Blog de Cheikh Yerim Seck

Qui mange la croissance produite par le peuple sénégalais ? (Par Mamadou Lamine Diallo)

Réponse : Macky Sall, ses « Nommés » et les entreprises étrangères
La croissance se « mange », elle est partagée entre les salariés, l’Etat et les entreprises. La croissance produite par le peuple sénégalais et sa diaspora se divise en deux : une croissance structurelle de long terme de 2,5 à 3% soutenue par la démographie et l’adaptation au numérique et une partie conjoncturelle de 0 à 2,5-3% qui dépend de la Chine, de l’endettement de l’Etat, de la pluie et du prix du pétrole.
Pour le partage de la croissance, l’ANSD estime qu’il se présente ainsi : 22% pour les salariés, 11% l’Etat et 67% les entreprises et leurs propriétaires. Cela signifie que le salarié du secteur informel se retrouve avec 56 000 francs par mois en moyenne alors que celui du secteur moderne est à 210 000 francs, la moyenne pour le fonctionnaire de l’Etat est à 500 000 francs par mois.
Pour l’entreprise, en moyenne, celle du secteur informel se retrouve autour de 11 millions d’excédent brut par an tandis que pour le secteur moderne, c’est 315 millions de francs.
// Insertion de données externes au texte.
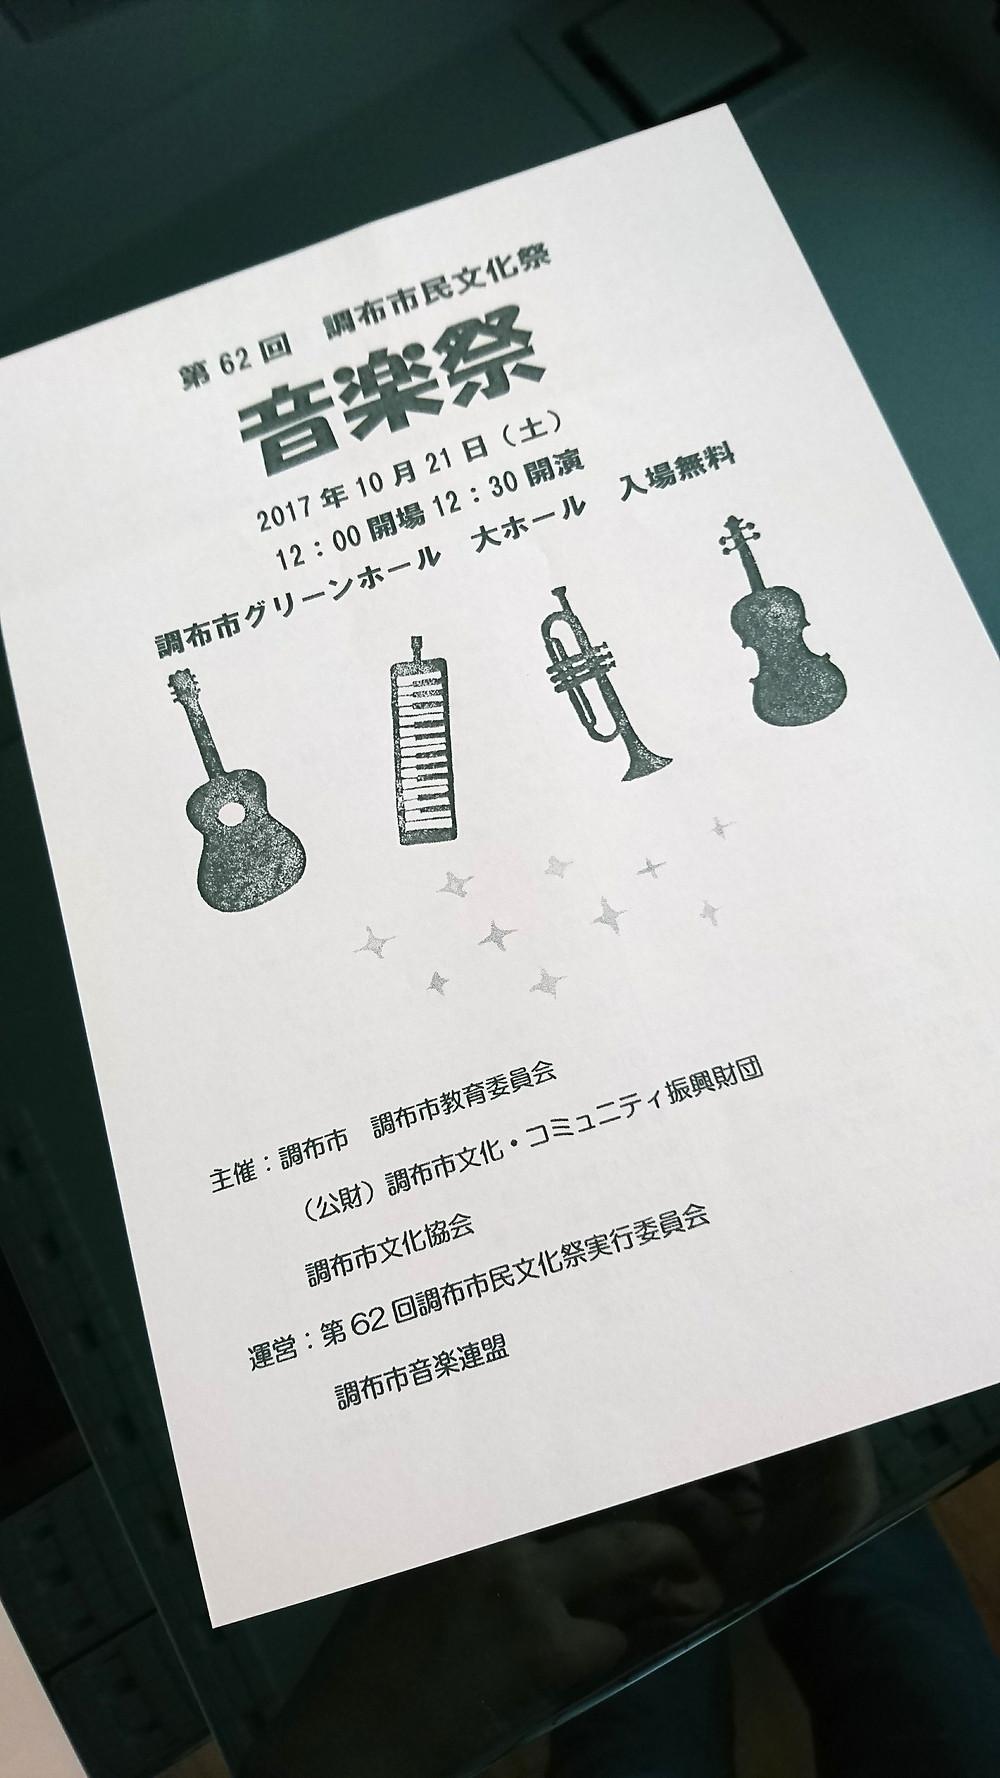 調布市民文化祭 音楽祭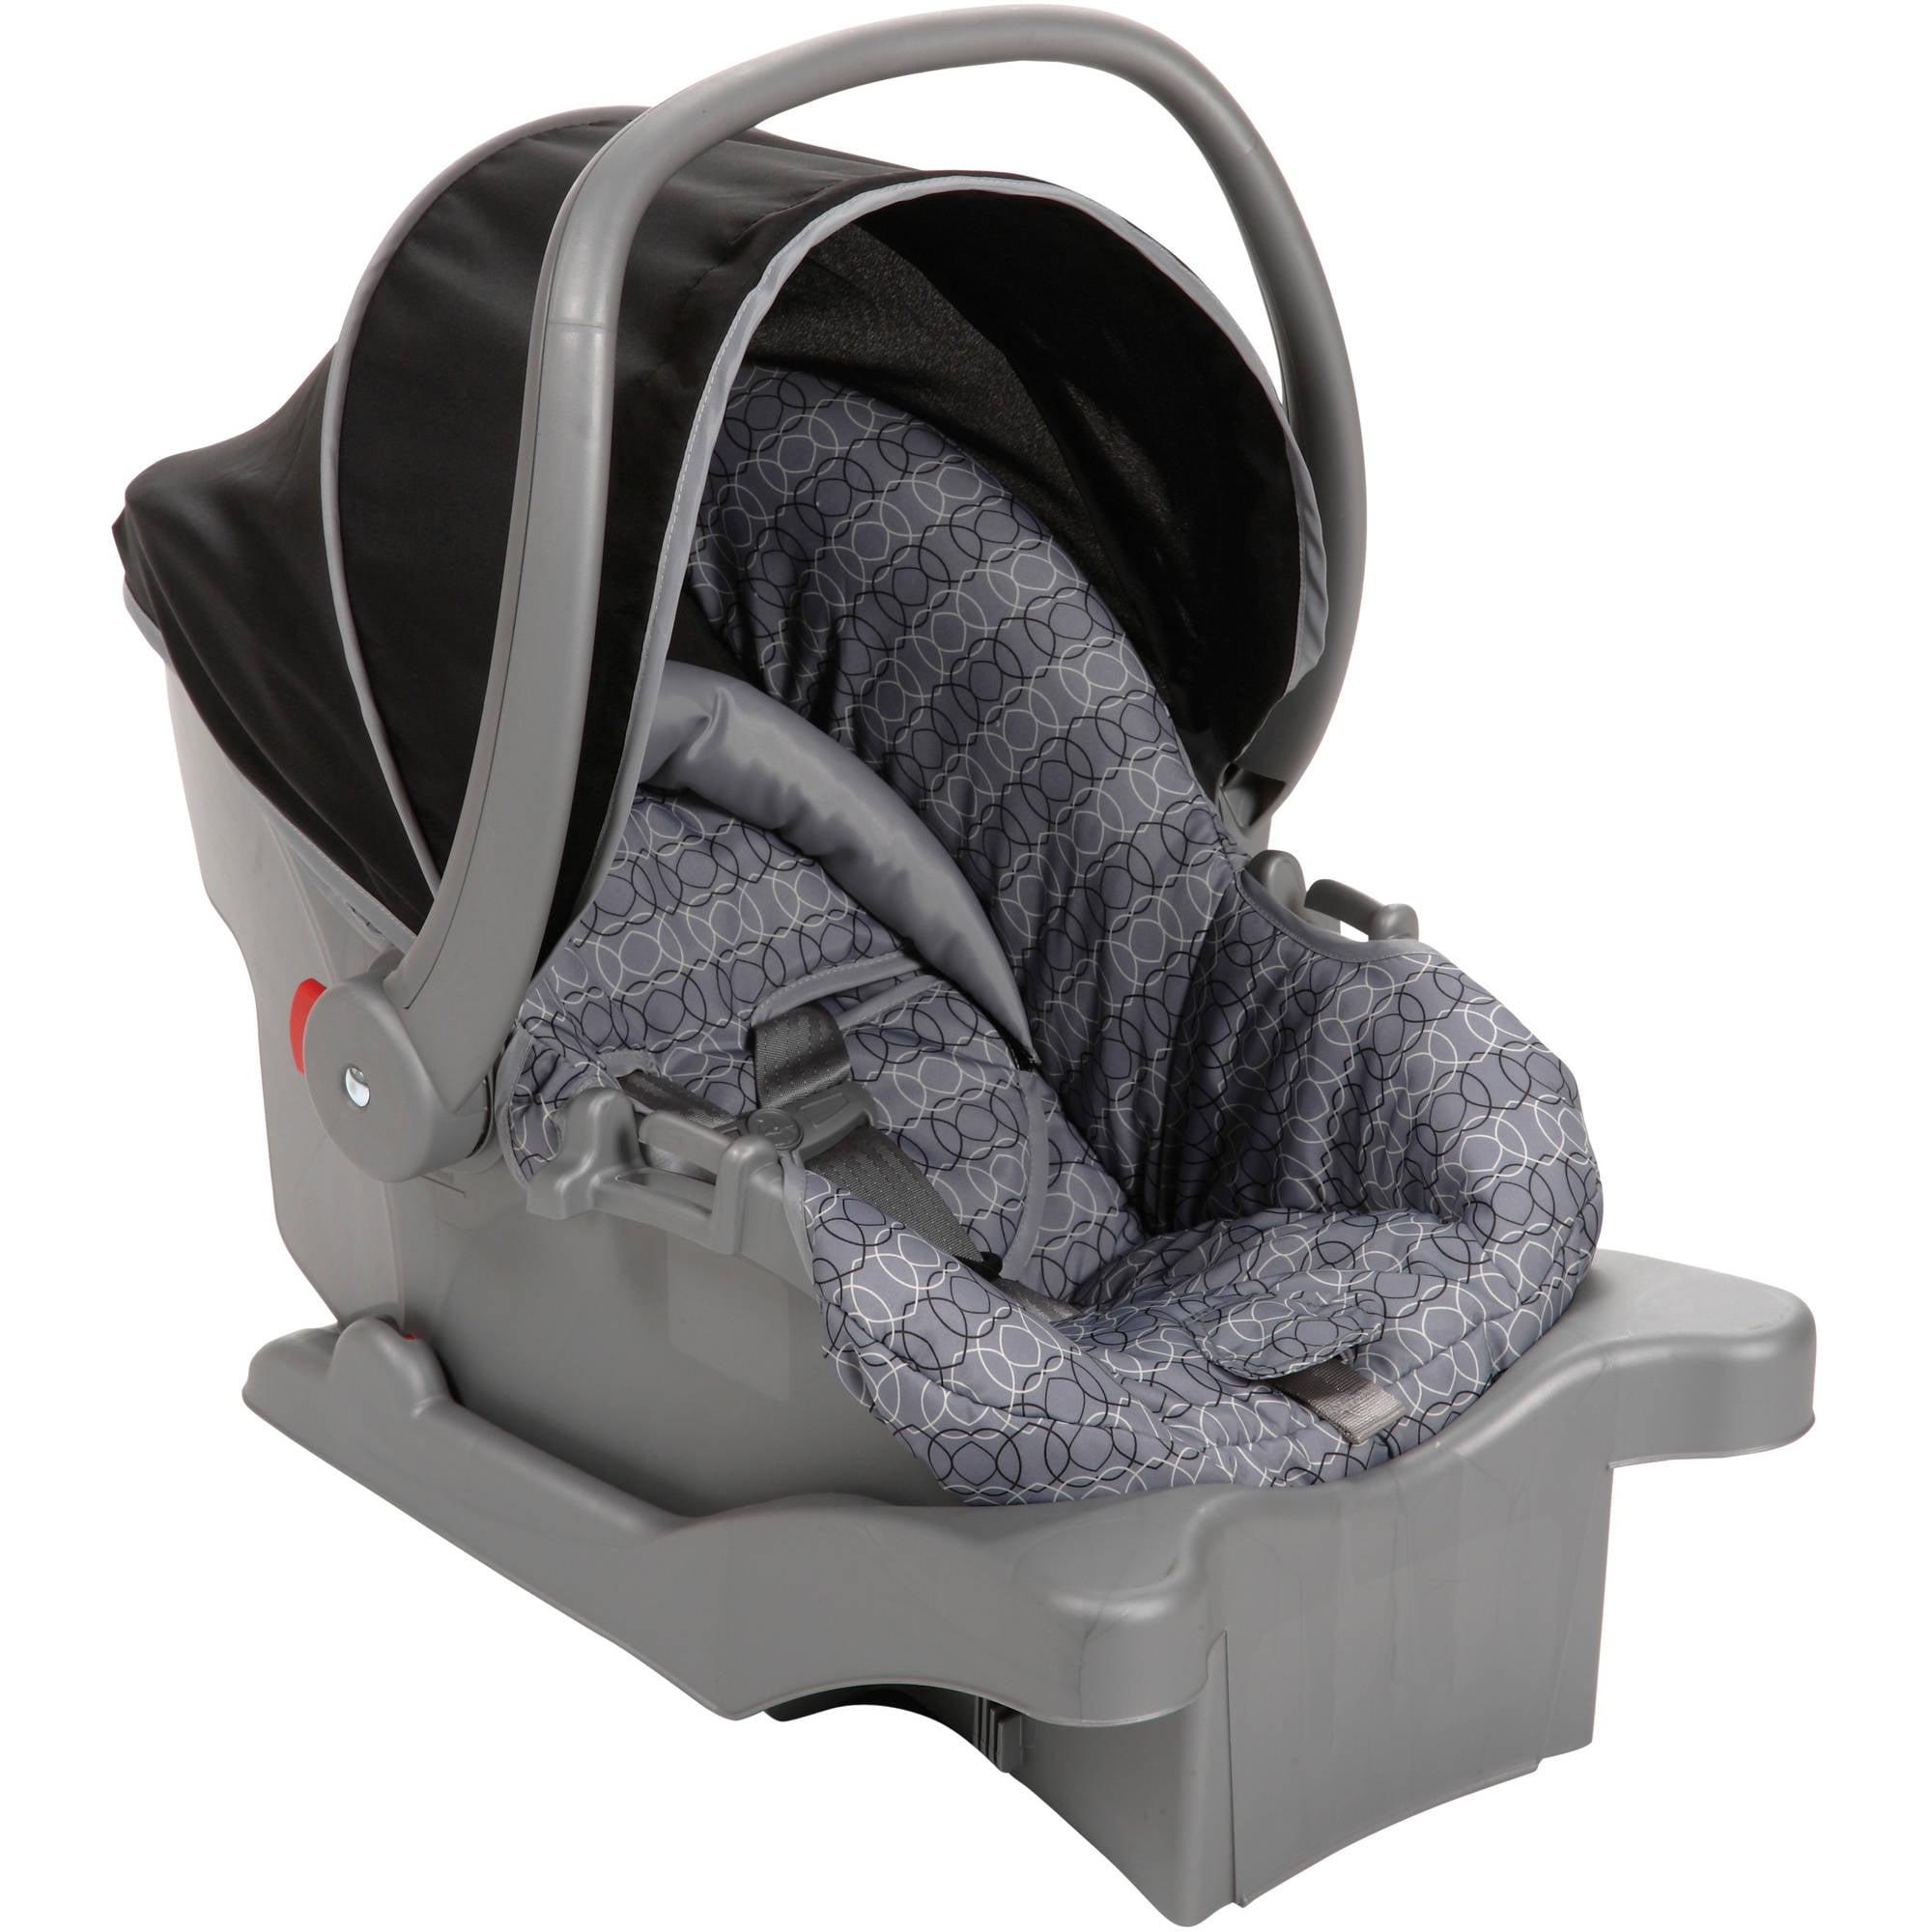 Safety 1st Comfy - Carry Elite Infant Car Seat, Rose Hill

On voit bien que c’est la grande entreprise qui tire son marron du feu alors que le salarié du secteur informel est écrasé par les inégalités.
Au total, sur la base des chiffres fournis par Macky Sall et ses « Nommés », les gagnants de la croissance de Macky Sall sont les grandes entreprises étrangères et les entreprises qui bénéficient des subventions de l’Etat d’une part ; D’autre part, chez les salariés, ce sont les DG et autres affidés politiques.


1 Comment

  1. Caractéristiques typiques de pays soit disant émergents:
    – une économie dépendante de facteurs exogènes : investissements étrangers, endettement, prix du pétrole, pluie;
    – une croissance extravertie; les nouvelles richesses creees sont détournées par l’etranger;
    – une économie désarticulée constituée pour l’essentiel d’un secteur informel, symptôme du sous développement, sous financé, improductif ;
    – poids élevé du secteur public dont les prélèvements s’operent Principalement au profit des rémunérations de ses agents et plus particulièrement des dirigeants au détriment des services publics de base (santé, éducation etc.).
    Resultat: le peuple s’appauvrit malgré la croissance; nos dirigeants se gavent des miettes laissées par le capital étranger et l’economie De traite installée depuis la colo se renforce!!!